WHAT THIS TASK INVOLVES:
Every record that follows should be written out word for word; the pictures stay out.

DATASET ENTRIES:
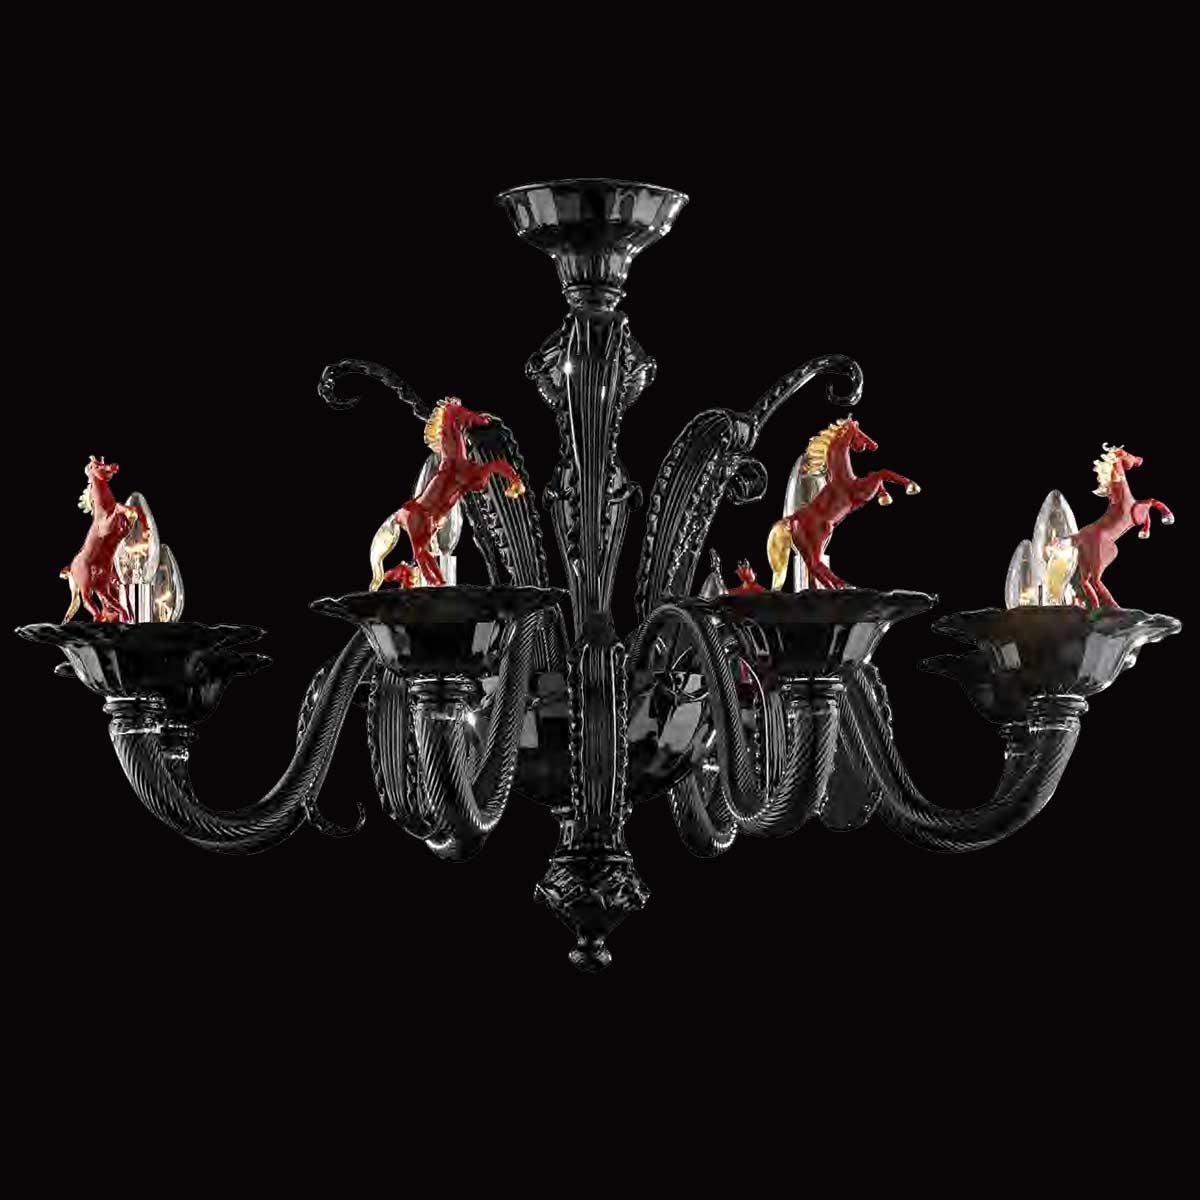 """Cavallino"" Murano glass chandelier - 8 lights - black and red"
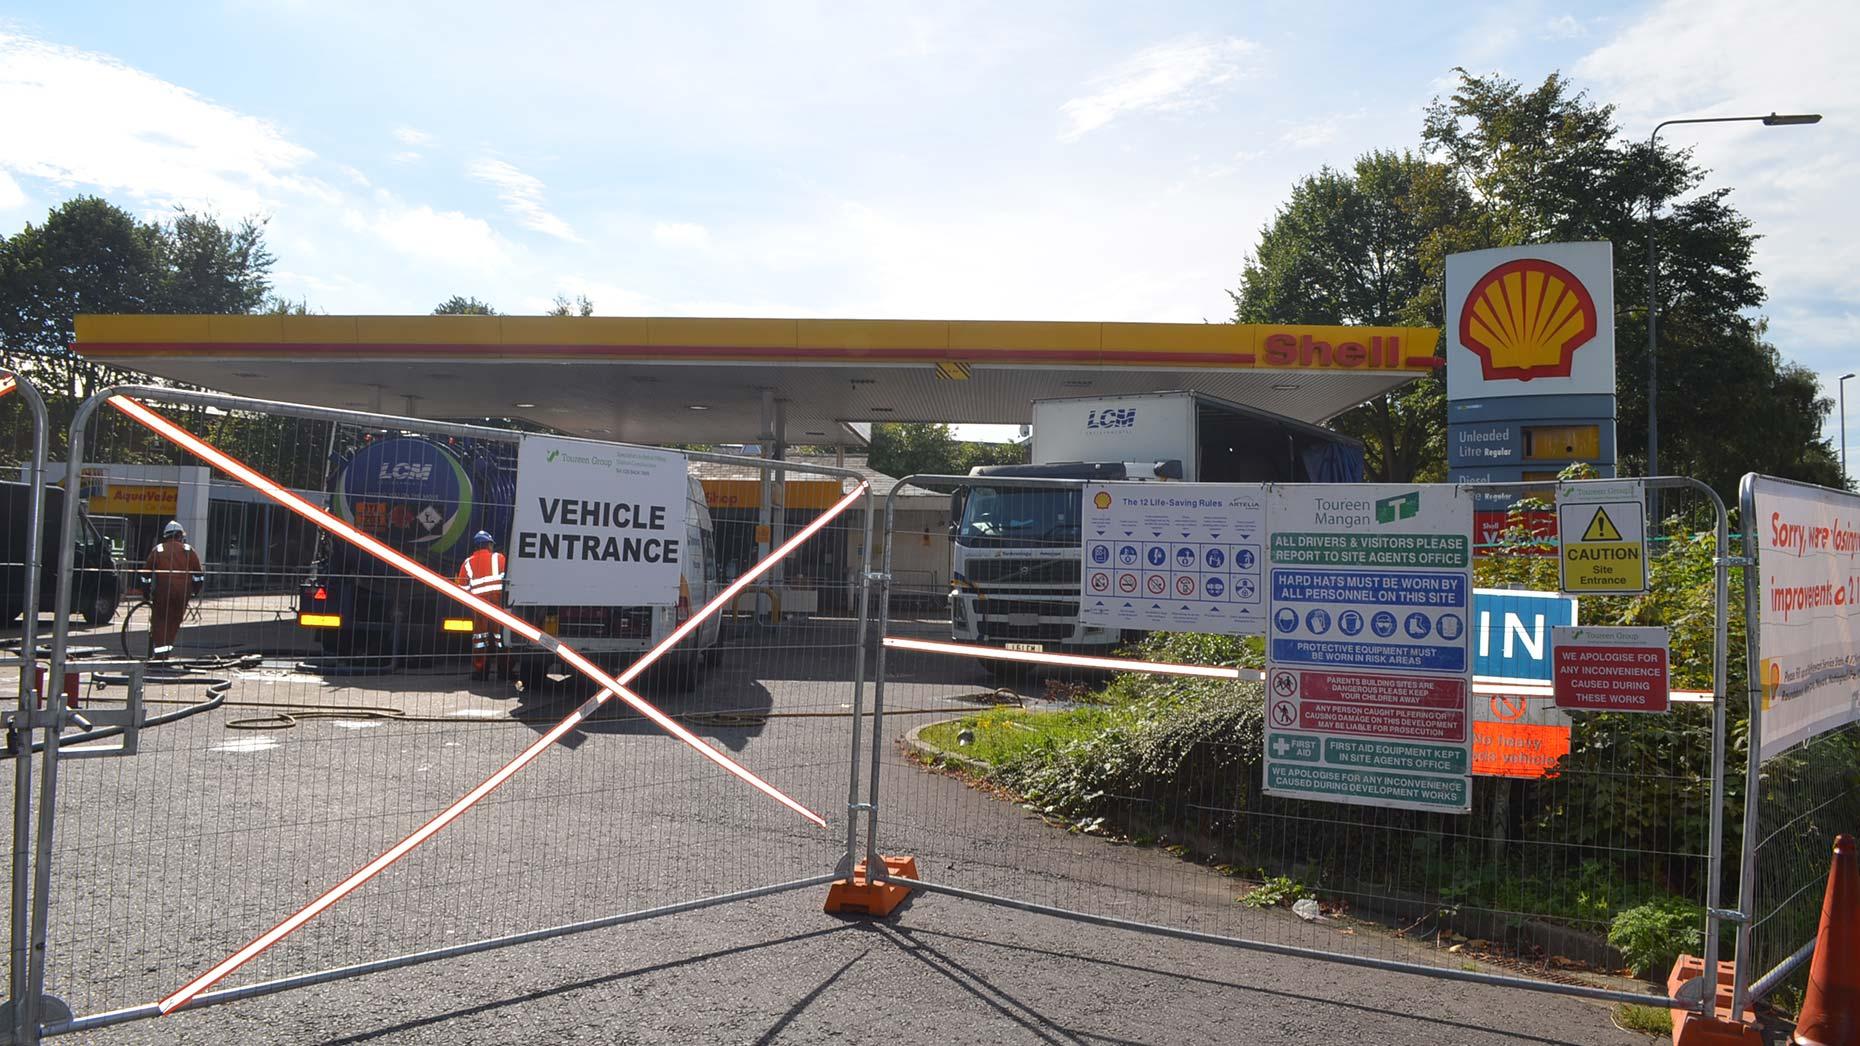 Burton road shell garage closed for maintenance - Find nearest shell garage ...
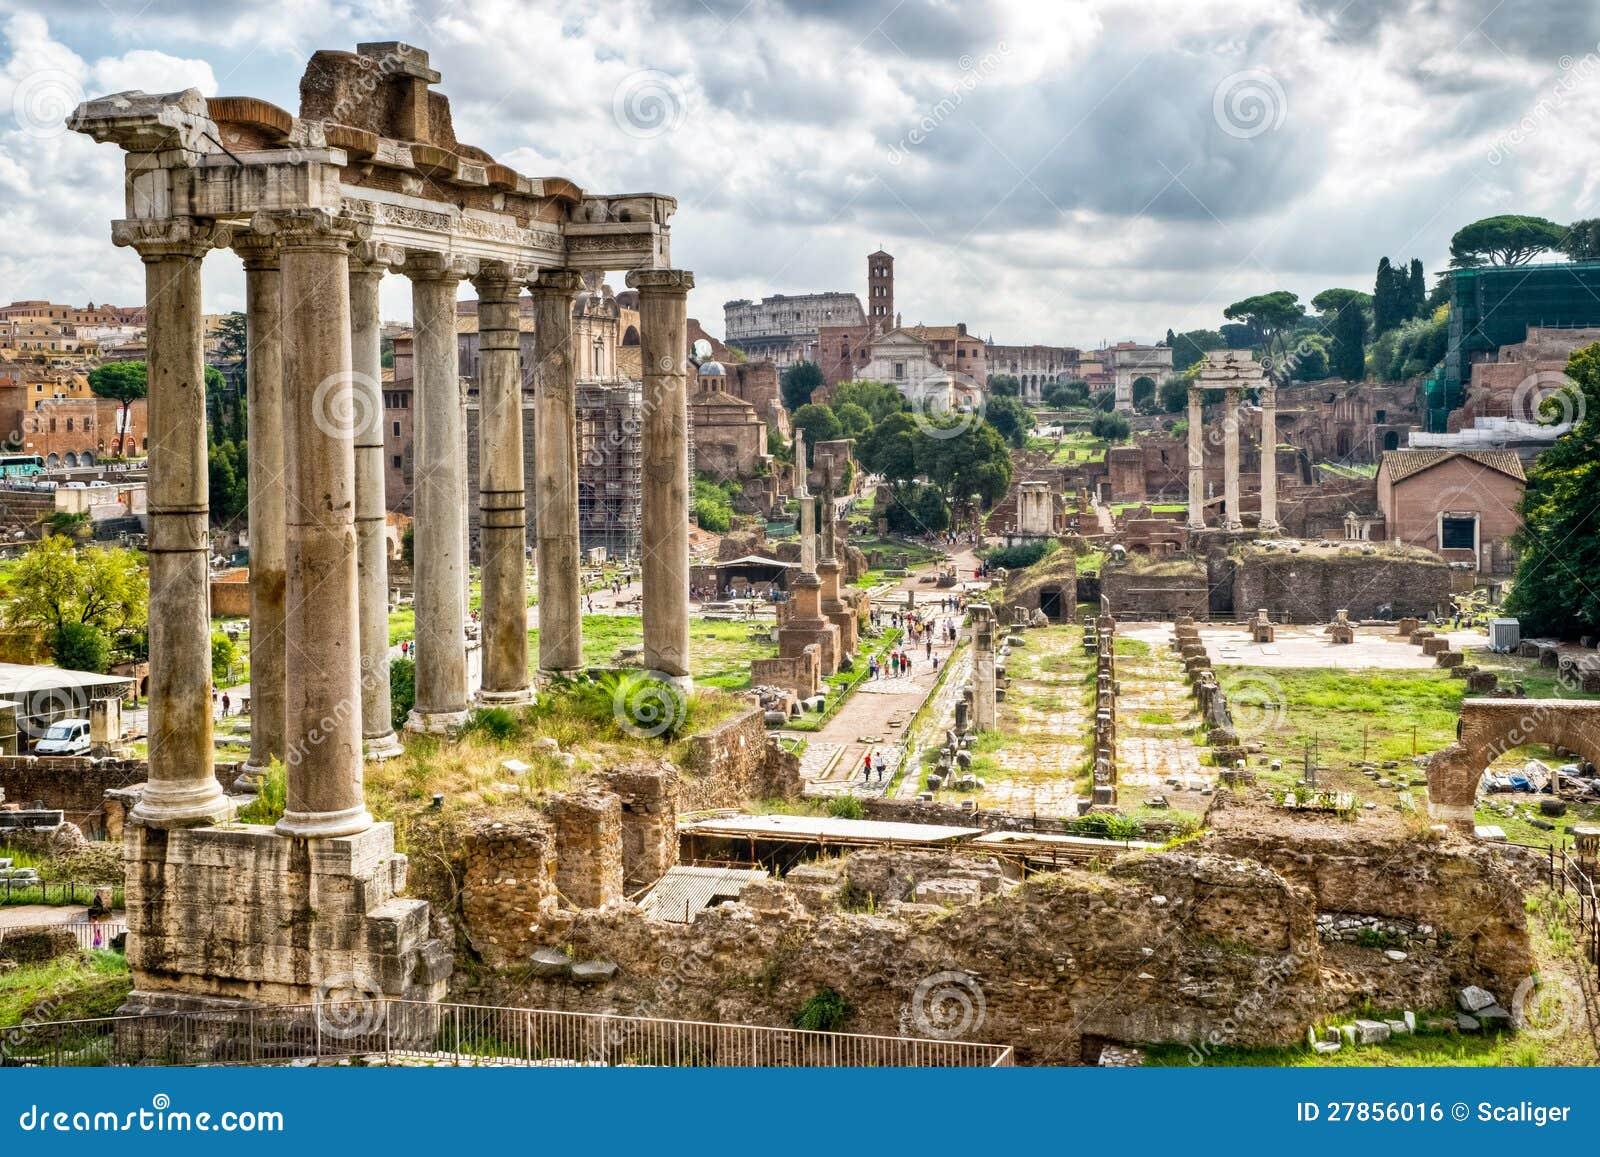 Romańska dawność: Widok Romański Forum
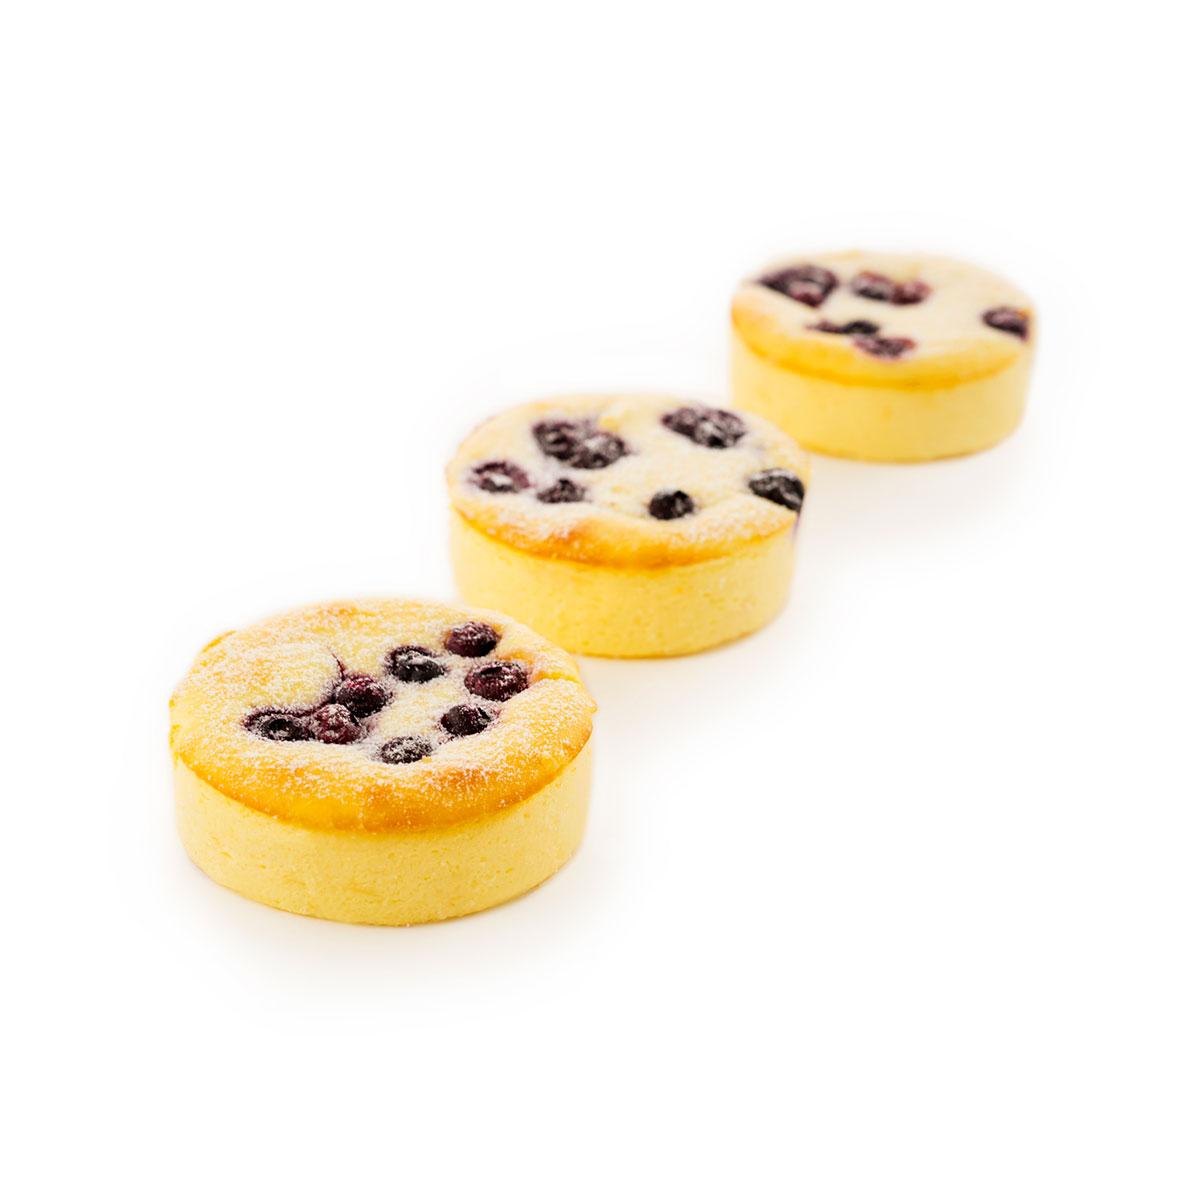 Blueberry Vanilla Cheesecake
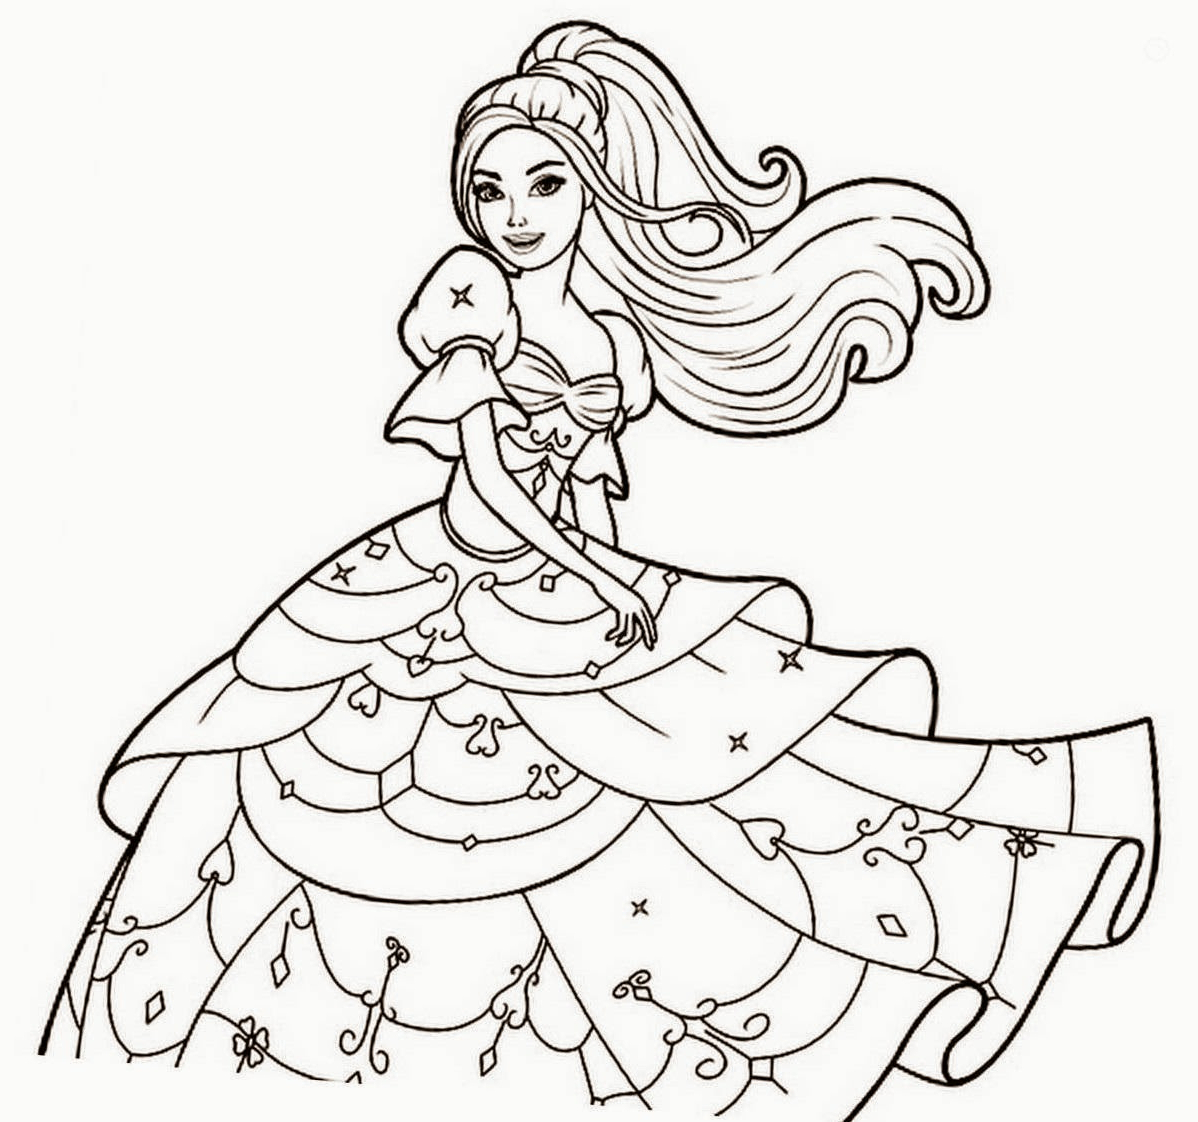 1198x1122 Barbie Doll Sketch How To Draw Barbie, Stepstep, Cartoons
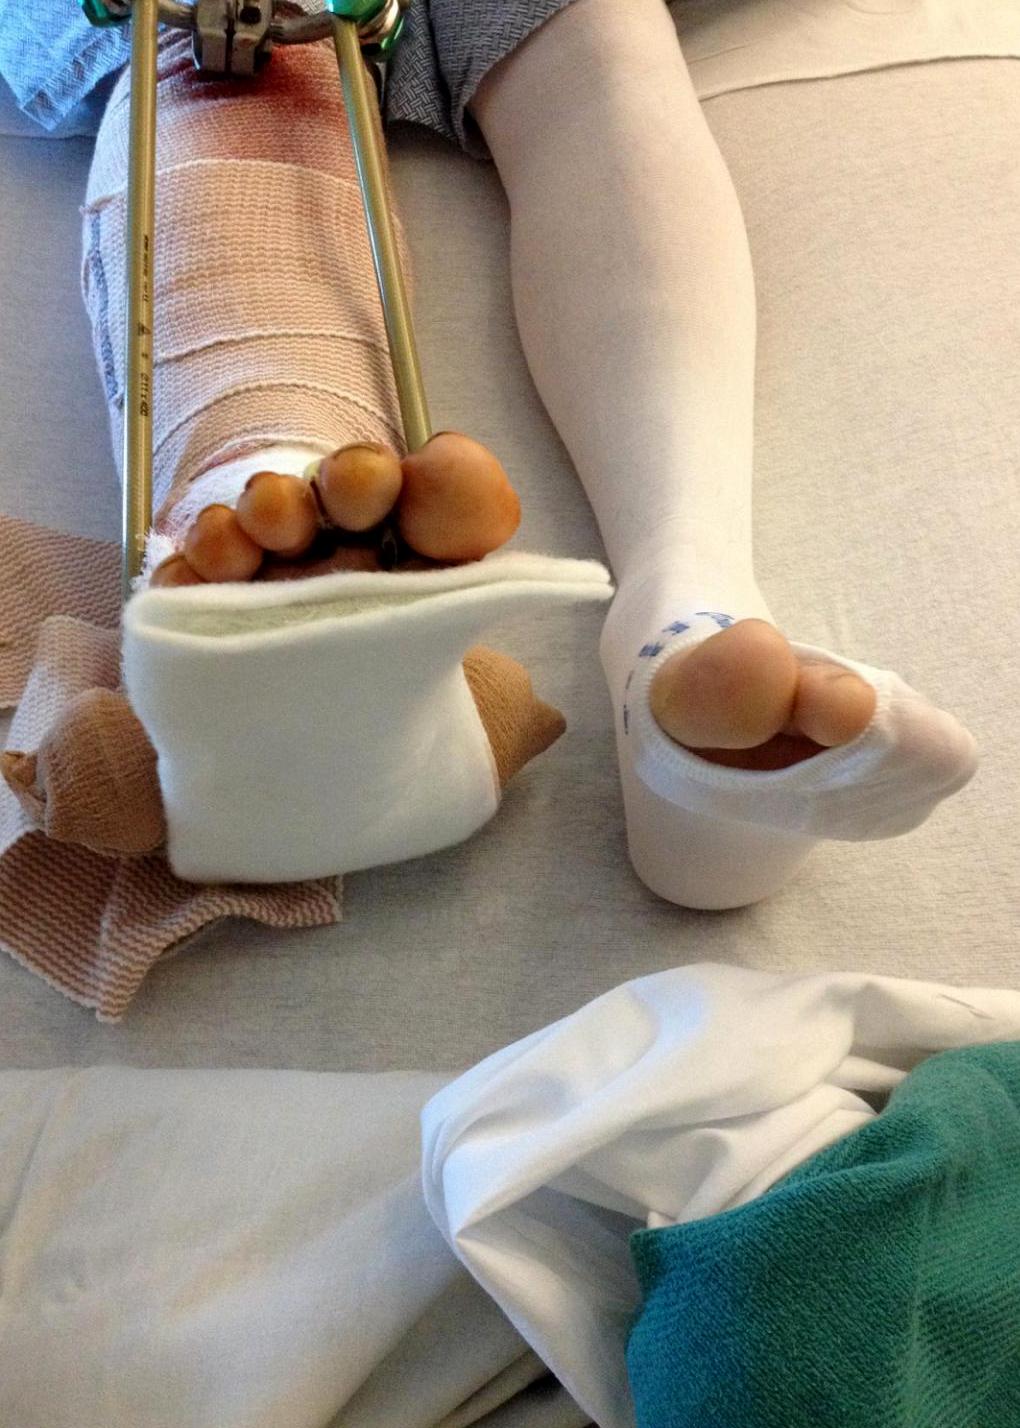 Hyrum Zerkle's leg after first surgery, Valley View Medical Center, Cedar City, Utah, March 27, 2015 | Photo courtesy of Hyrum Zerkle, St. George News

ANSWER BOX:
 """Cavallino"" Murano glass chandelier - 8 lights - black and red"
 Burton road shell garage closed for maintenance - Find nearest shell garage ...
 Romańska dawność: Widok Romański Forum
 Blueberry Vanilla Cheesecake
 1198x1122 Barbie Doll Sketch How To Draw Barbie, Stepstep, Cartoons
 Hyrum Zerkle's leg after first surgery, Valley View Medical Center, Cedar City, Utah, March 27, 2015 | Photo courtesy of Hyrum Zerkle, St. George News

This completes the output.